= Photostatin =

Photostatins are inhibitors that can be switched on and off in vivo by visible light, to optically control microtubule dynamics. Photostatins are a form of photopharmacology.

As a cell prepares to divide, its microtubules, arrange themselves into a spindle that permits its chromosomes to split into two bundles. These bundles become the nuclei of the daughter cells, Out-of-control cell replication is the underlying cause of cancer, developing drugs that interfere with microtubule activity offers one potential therapeutic approach. They can operate microtubule dynamics with a subsecond response time and control mitosis in living organisms with single-cell spatial precision.

Most microtubule inhibitors affect both cancerous and healthy cells, requiring lower doses to avoid severe side effects. Because photostatins are inactive in the absence of light, they only affect cells that are illuminated. Focusing light on tumors directs their activities to appropriate targets with fewer side effects.

== Combretastatin A-4 ==

One phostatin is combretastatin A-4, one of several combretastatins found in the bark of the South African bushwillow. It comes in two isomers, that share a single composition, but different shapes. One isomer is a poor disrupter of tubule activity while the other is effective.

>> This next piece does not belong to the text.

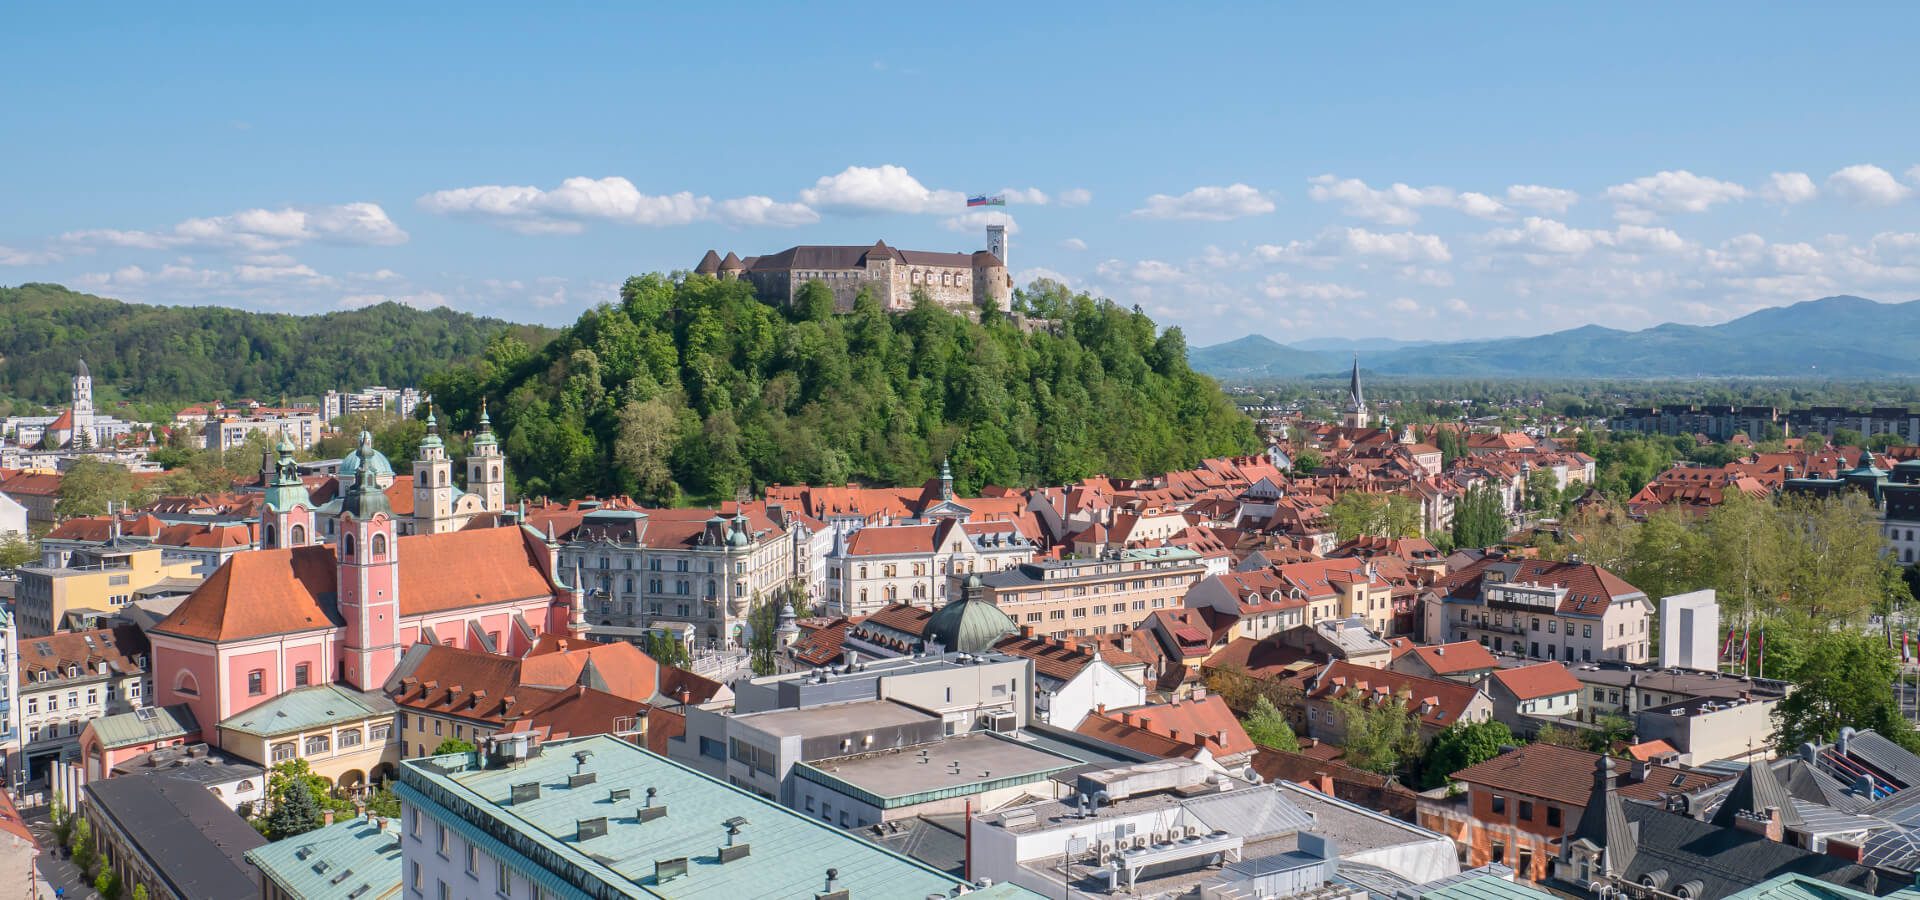 Co warto wiedzieć przed podróżą do Słowenii? (informacje praktyczne)

Replacing two adjacent carbon atoms in the molecule with nitrogen atoms changes the non-toxic isomer, which does little to disrupt tubules, into the toxic one in the presence of blue light. This transformation is reversed simply by switching the light off. The drug proved 200 times more toxic when exposed to light in this way than in the dark. The effect increased to 250 times under violet light and decreased to 75 times when exposed to cyan.